» **Input data**
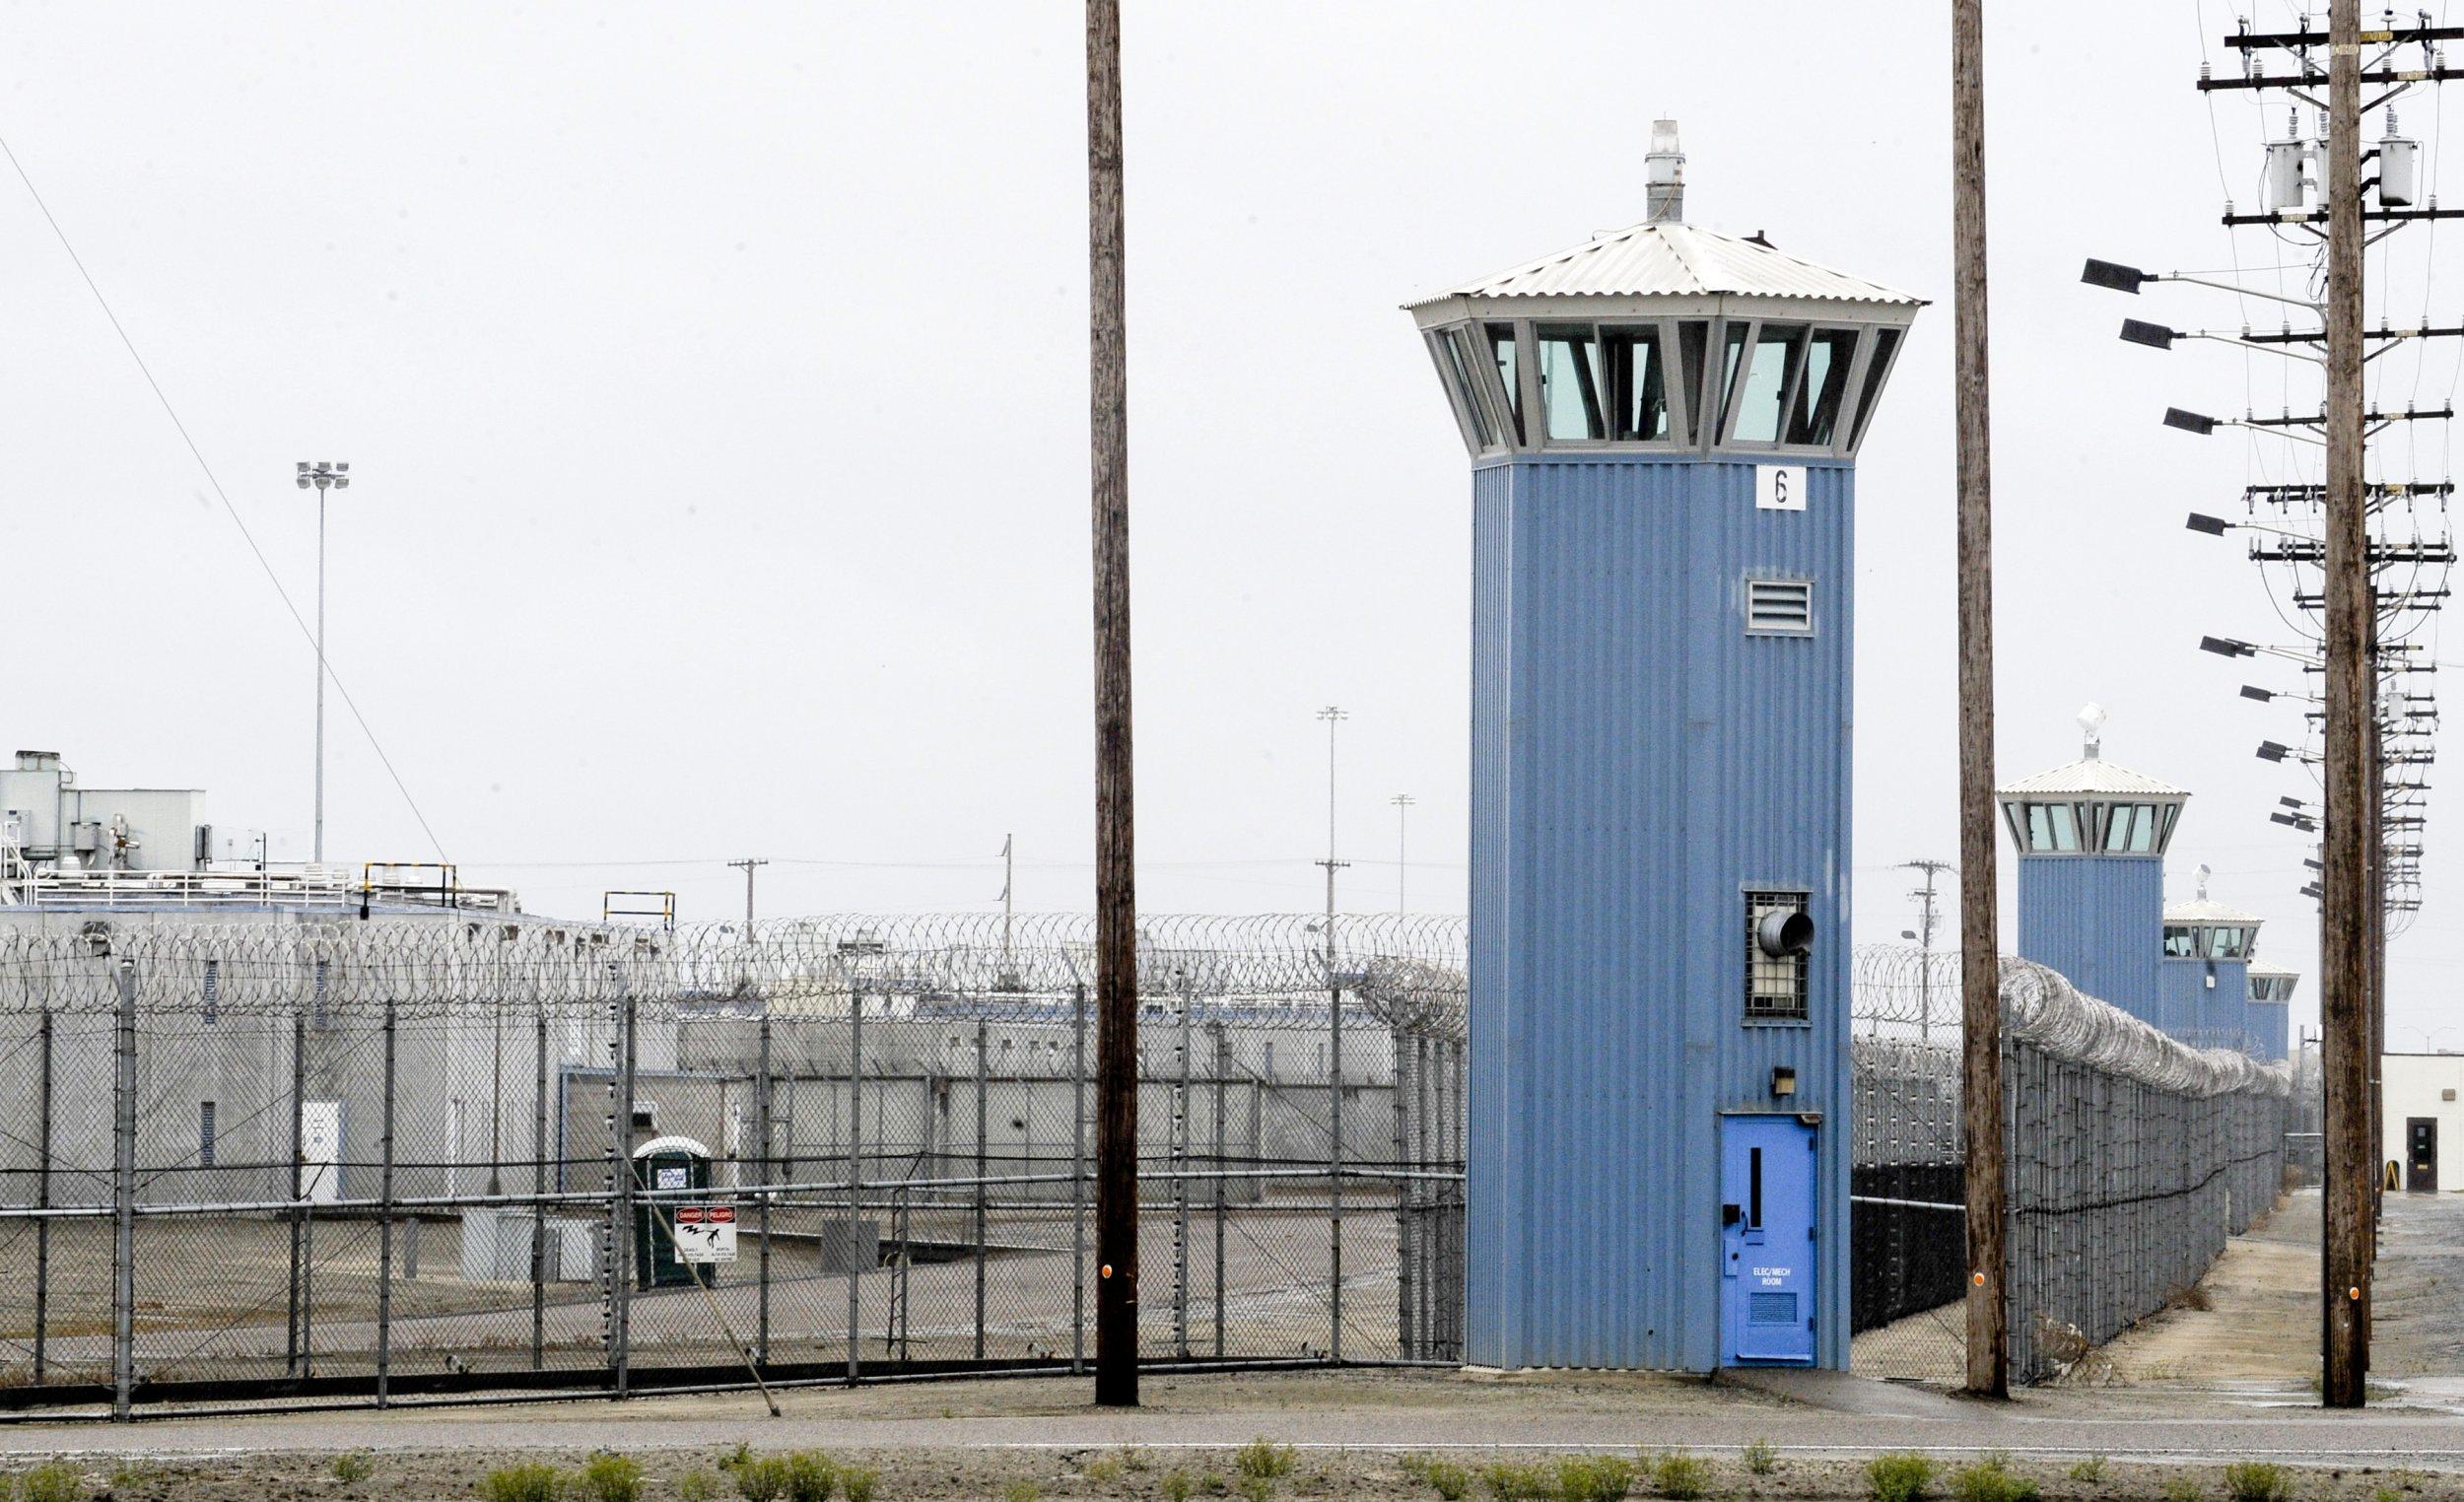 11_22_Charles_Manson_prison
---
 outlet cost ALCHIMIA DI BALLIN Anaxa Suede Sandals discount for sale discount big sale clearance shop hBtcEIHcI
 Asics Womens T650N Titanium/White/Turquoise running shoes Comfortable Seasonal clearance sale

» **What the exercise asks**
Please give back, exactly as it stands above, the stretch from the line with "outlet cost ALCHIMIA" through the line with "Asics Womens T650N", and no line outside it.

» **Written response**
 outlet cost ALCHIMIA DI BALLIN Anaxa Suede Sandals discount for sale discount big sale clearance shop hBtcEIHcI
 Asics Womens T650N Titanium/White/Turquoise running shoes Comfortable Seasonal clearance sale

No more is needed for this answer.